# Exercise goal
Keep the text of the data exactly as it is and omit each picture from the copy.

# Material provided
=======

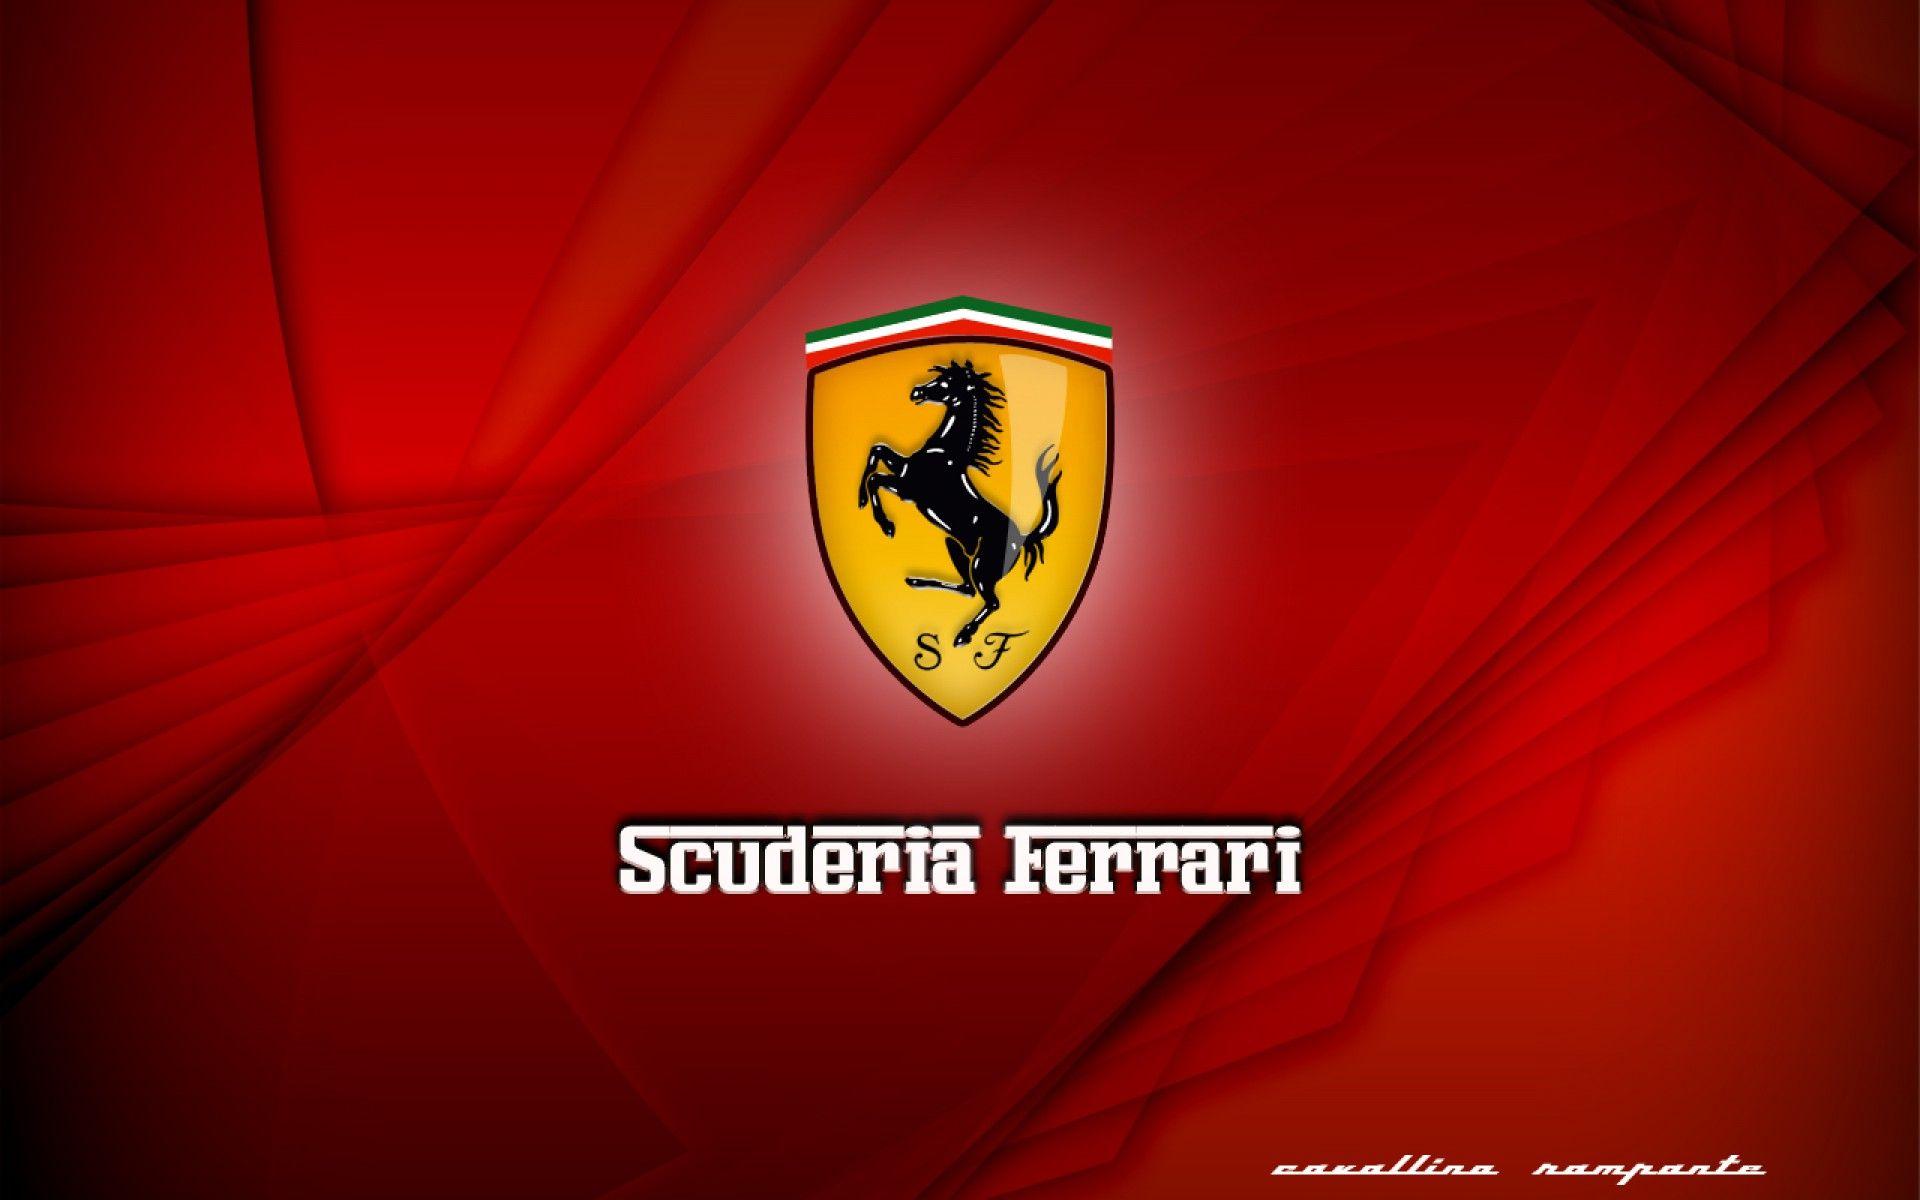 You Can Download Ferrari Logo Hd Wallpapers Here Ferrari Logo Hd
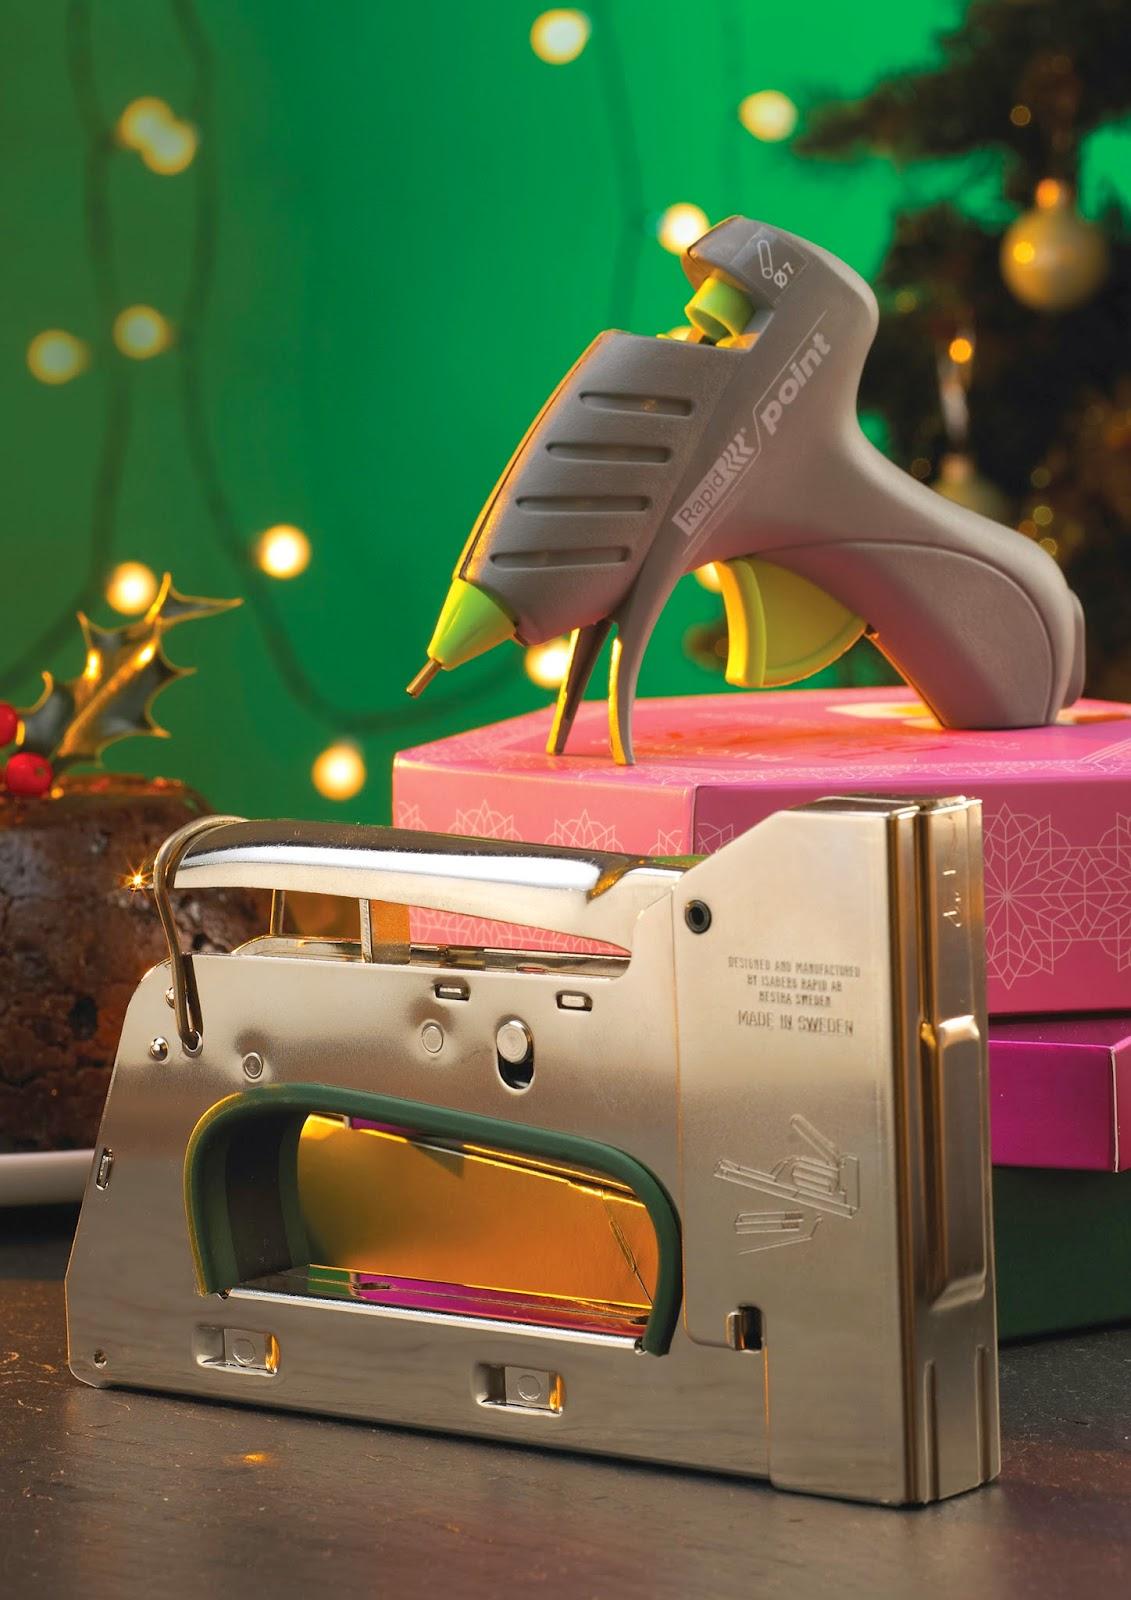 http://www.beesleyandfildes.co.uk/rapid-heavy-duty-staple-gun-with-free-glue-gun-ref-xms14staple/
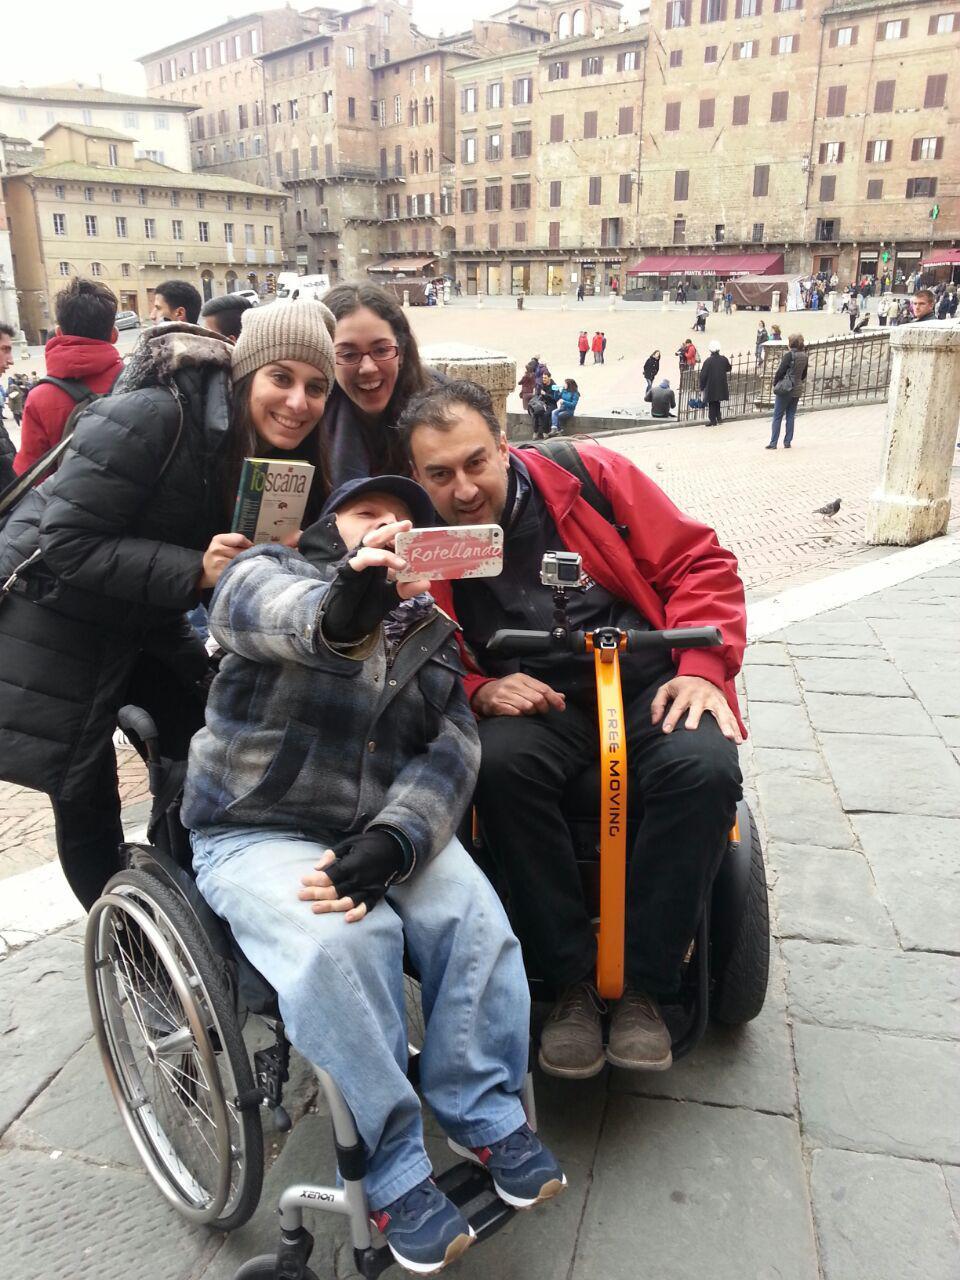 SIENA ITALYFORALL 8
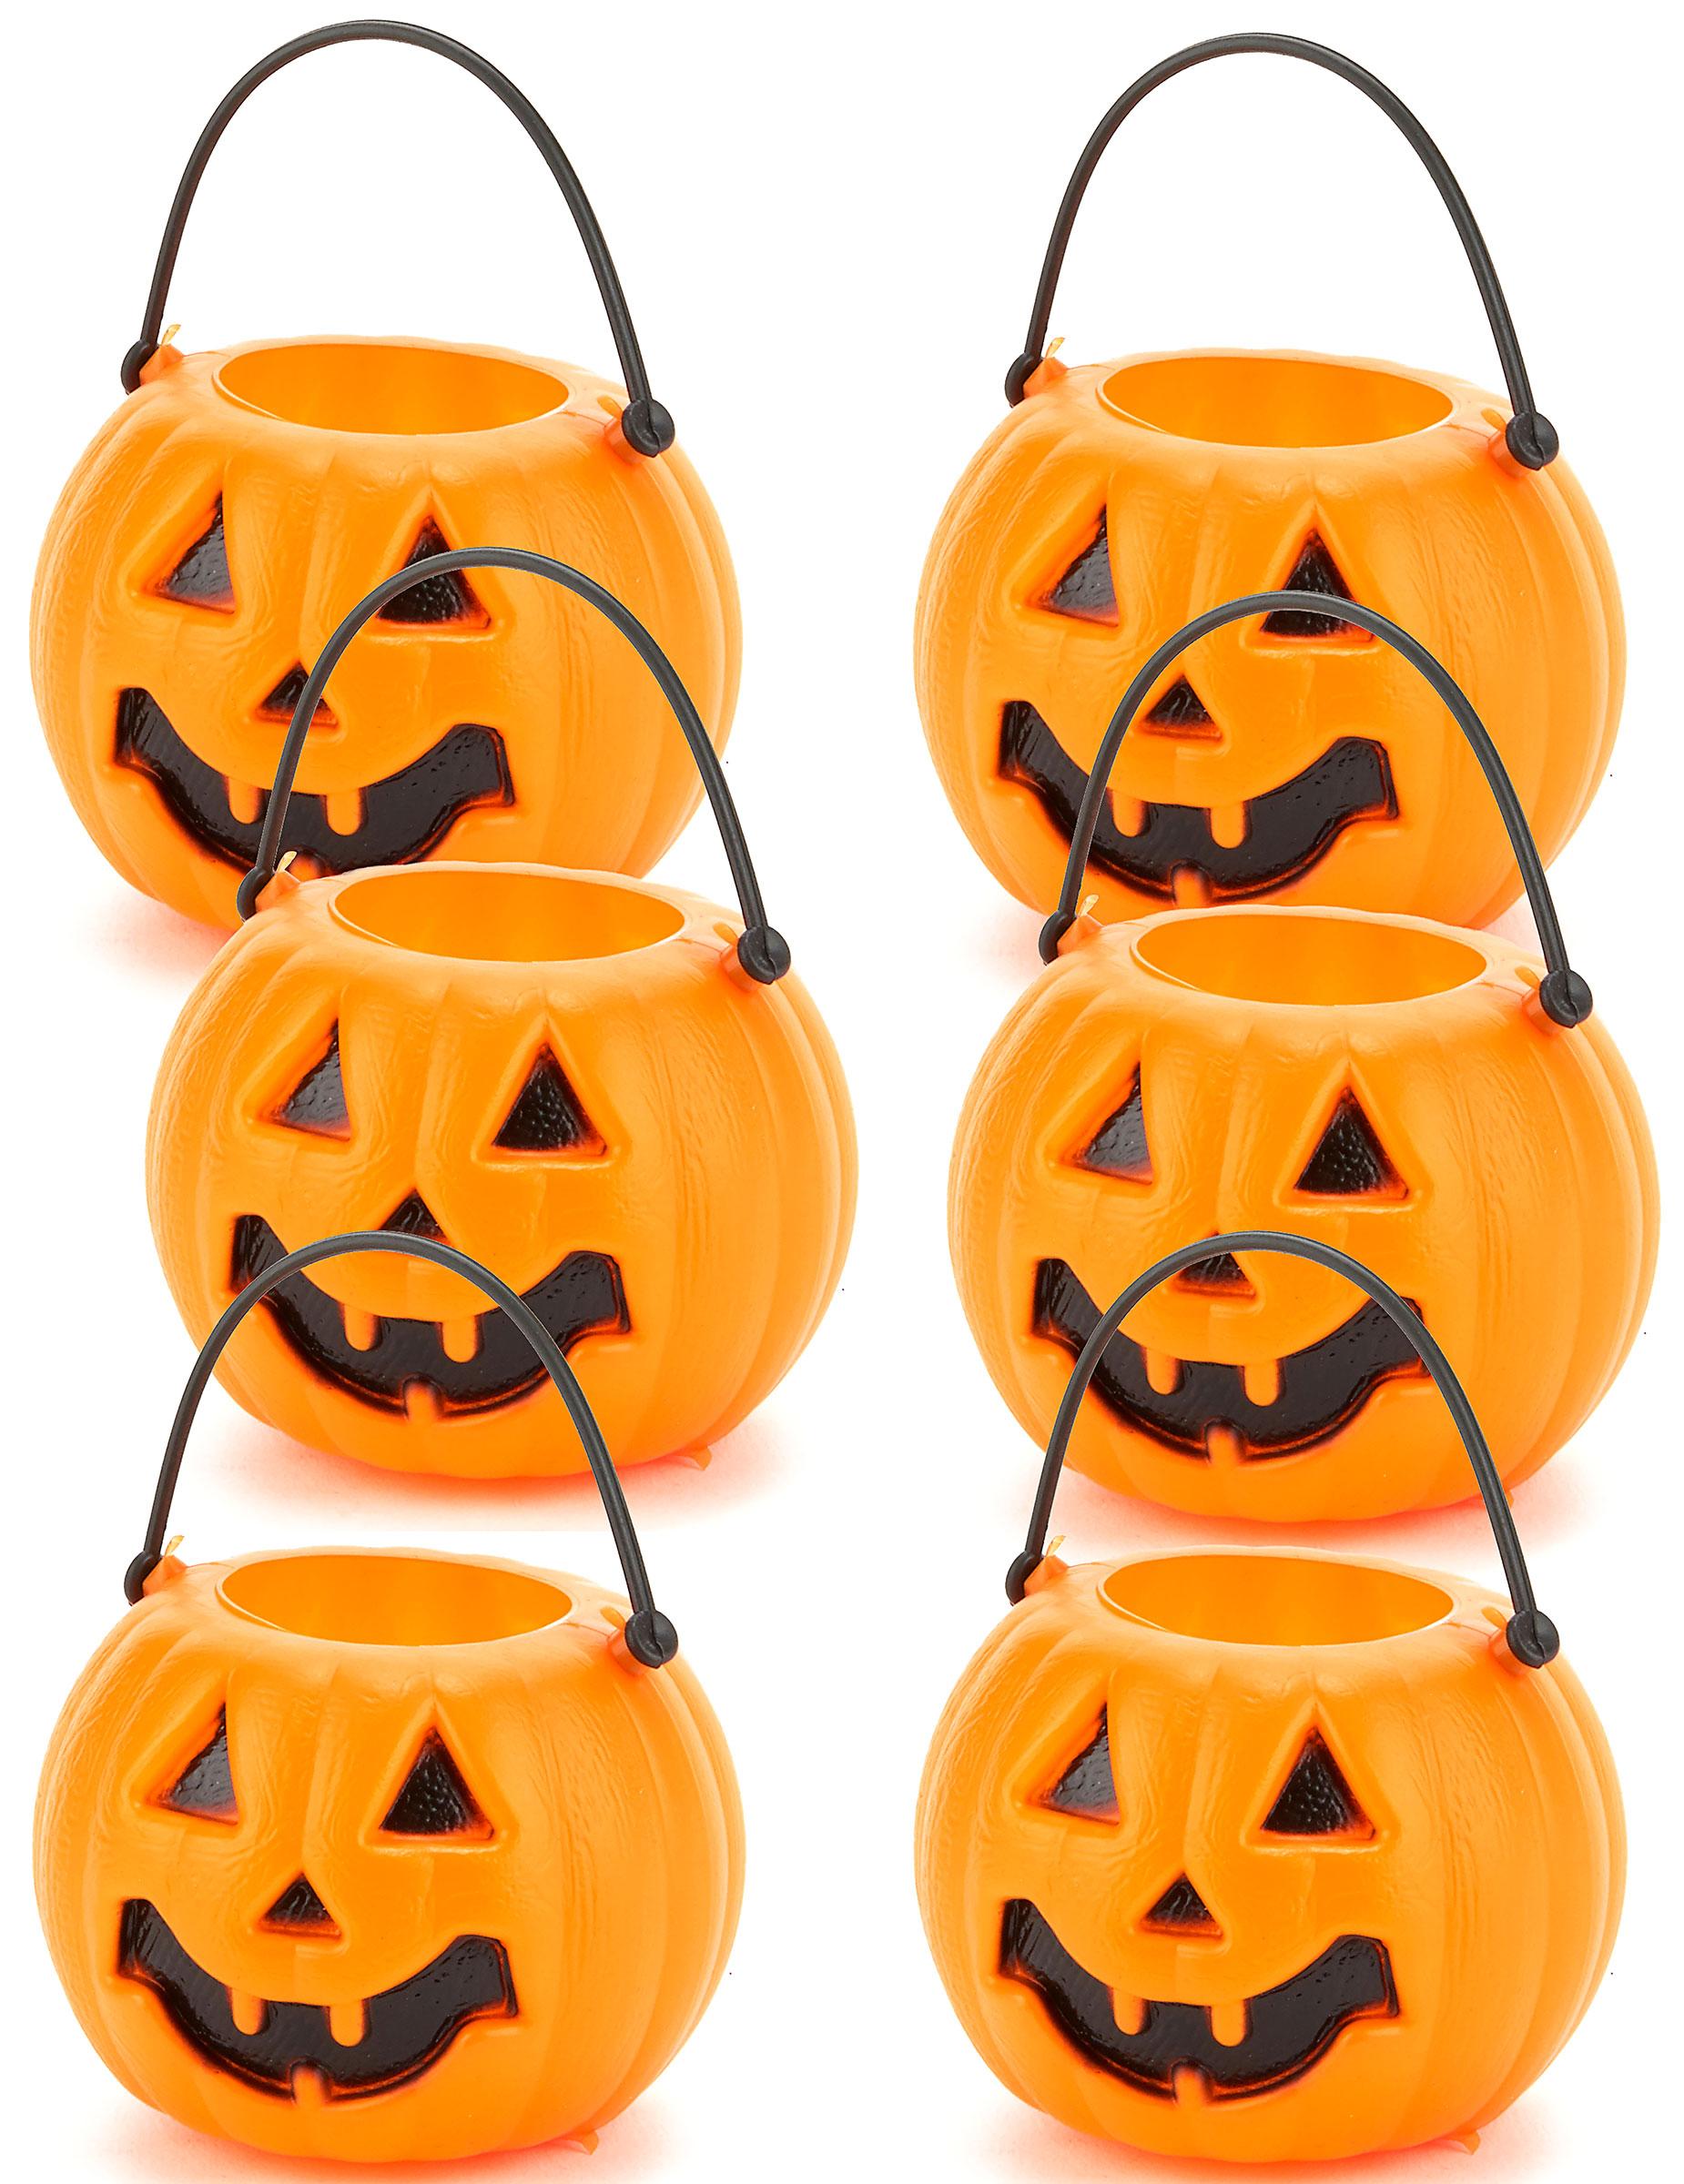 Lot 6 seaux citrouilles halloween deguise toi achat de decoration animation - Deguisetoi fr halloween ...

=======

# Completed exercise
 You Can Download Ferrari Logo Hd Wallpapers Here Ferrari Logo Hd
 http://www.beesleyandfildes.co.uk/rapid-heavy-duty-staple-gun-with-free-glue-gun-ref-xms14staple/
 SIENA ITALYFORALL 8
 Lot 6 seaux citrouilles halloween deguise toi achat de decoration animation - Deguisetoi fr halloween ...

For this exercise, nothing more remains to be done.